Japanese beetles are a very destructive pest in both the adult and larvae stages. The larvae, called white grubs, feed on plant roots and organic matter in the soil resulting in dead patches of turf that can be picked up like carpet. The adults, a brilliant metallic green beetle, eat the leaves and flowers of of over 300 plants.

The adult Japanese beetles normally emerge from the soil during the last week of June through July and immediately begin feeding on host plants. After feeding and mating for a day or two the females burrow into the soil to lay eggs 2-4 inches below ground level.
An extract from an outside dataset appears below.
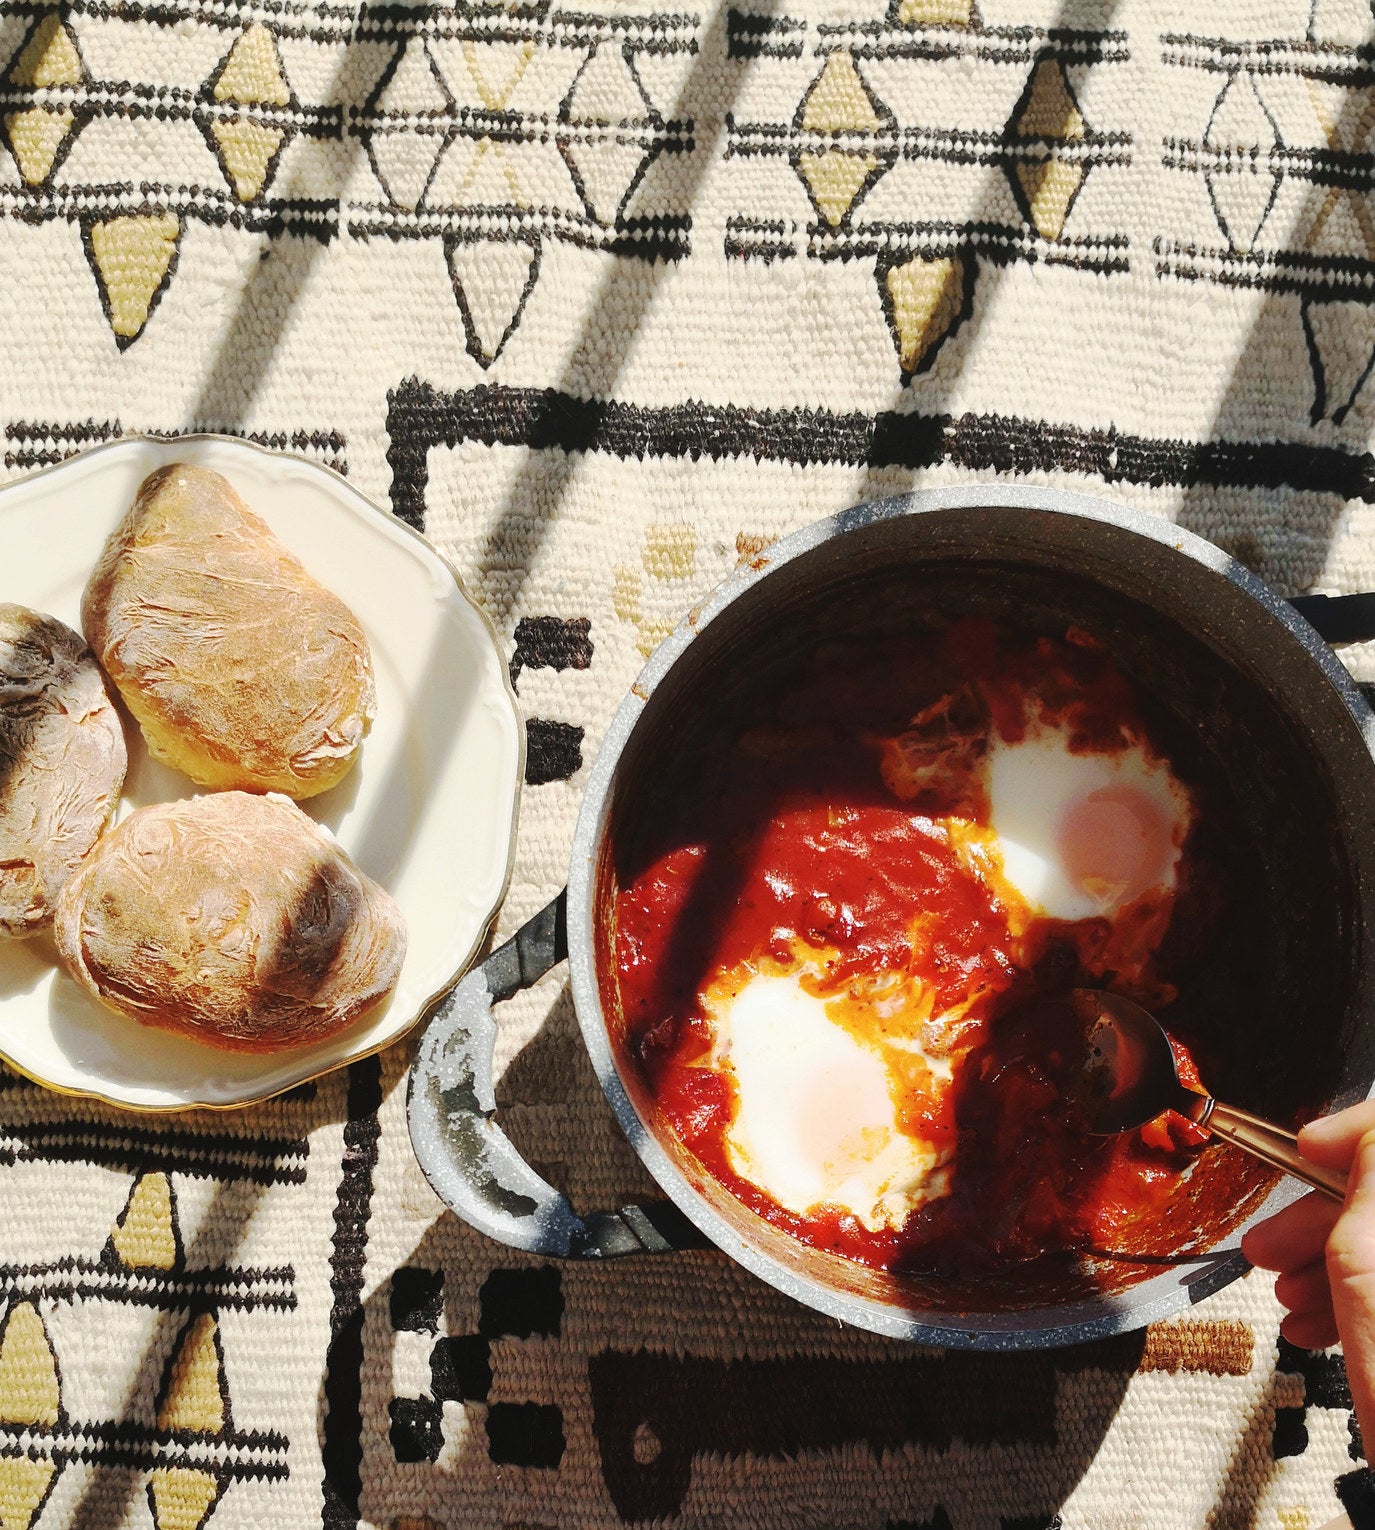 Making shakshuka in a pot with bread on the side

They repeat this process for about a month laying a total of 40 – 60 eggs. The eggs hatch in 8 – 14 days and the larvae begin to feed on roots. They dig deeper into the soil in late fall to over-winter and return to the surface in the spring.
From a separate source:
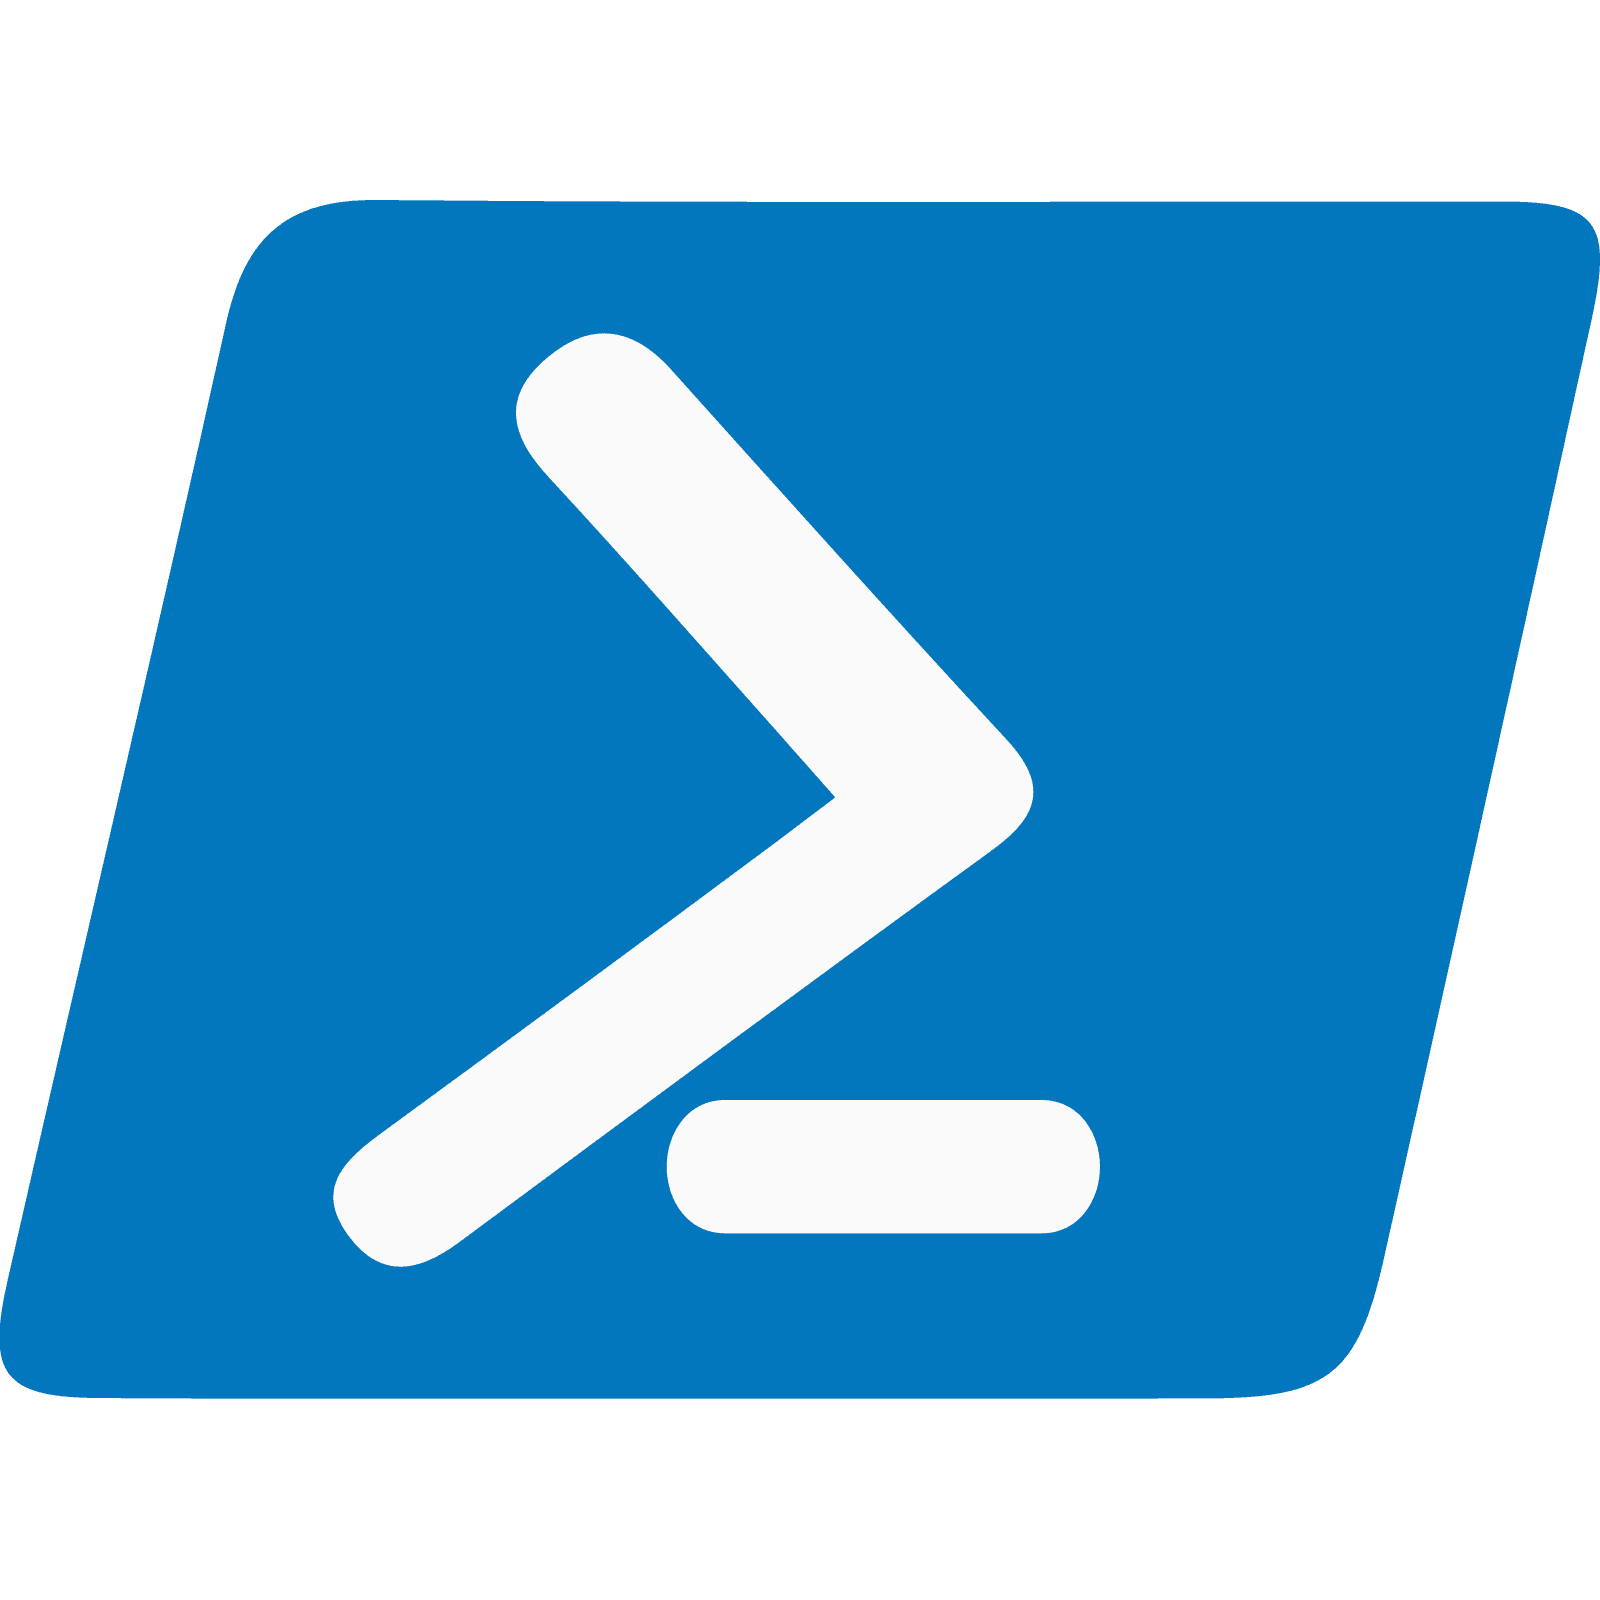 How to send an email using Powershell (Windows and cross-platform)

Beetles can be controlled by several methods depending on their life stage.

Adult Control
Traps and insecticides are the most popular controls used adult beetles. Traps need to be kept away from plants that attract beetles or the feeding damage can be increased. Also, attracting the beetles may result in larger grub populations not reduced. Several over-the-counter sprays are available for adult control including Sevin and pyrethroids. During heavy adult activity sprays may need to be applied every 5 -10 days.

Grub Control
Biological controls include bacterial milky disease and entomopathogenic nemotodes. Both these controls have only been proven to be marginally effective. They require time to build up in the soil and insecticides against the grubs should not be used during this period.

The grubs are best controlled when they are small and actively feeding near the soil surface, usually late July to mid-August. Several insecticides have proven to be effective including Dylox, Sevin, Merit and Mach2.

Wednesday, April 28, 2010

Taking a Good Soil Sample



Beneficial results of a soil test depend on a good sample. A soil sample must be taken at the right time and in the right way. The tools used, the area sampled, the depth and the correct mix of the sample all influence quality of the sample.



The Timing
Ideally the soil should be tested a few months before planting. This allows time for lime applications (if recommended) to adjust the pH of the soil before you plant. You can test with less time before planting but it will be difficult to correct ph issues ahead of time.



The Right Way

  • Use a clean probe or spade to take the sample.
  • If a spade or shovel is used, dig a V-shaped hole to the sample depth (4-6”), then cut a thin slice at the sample depth.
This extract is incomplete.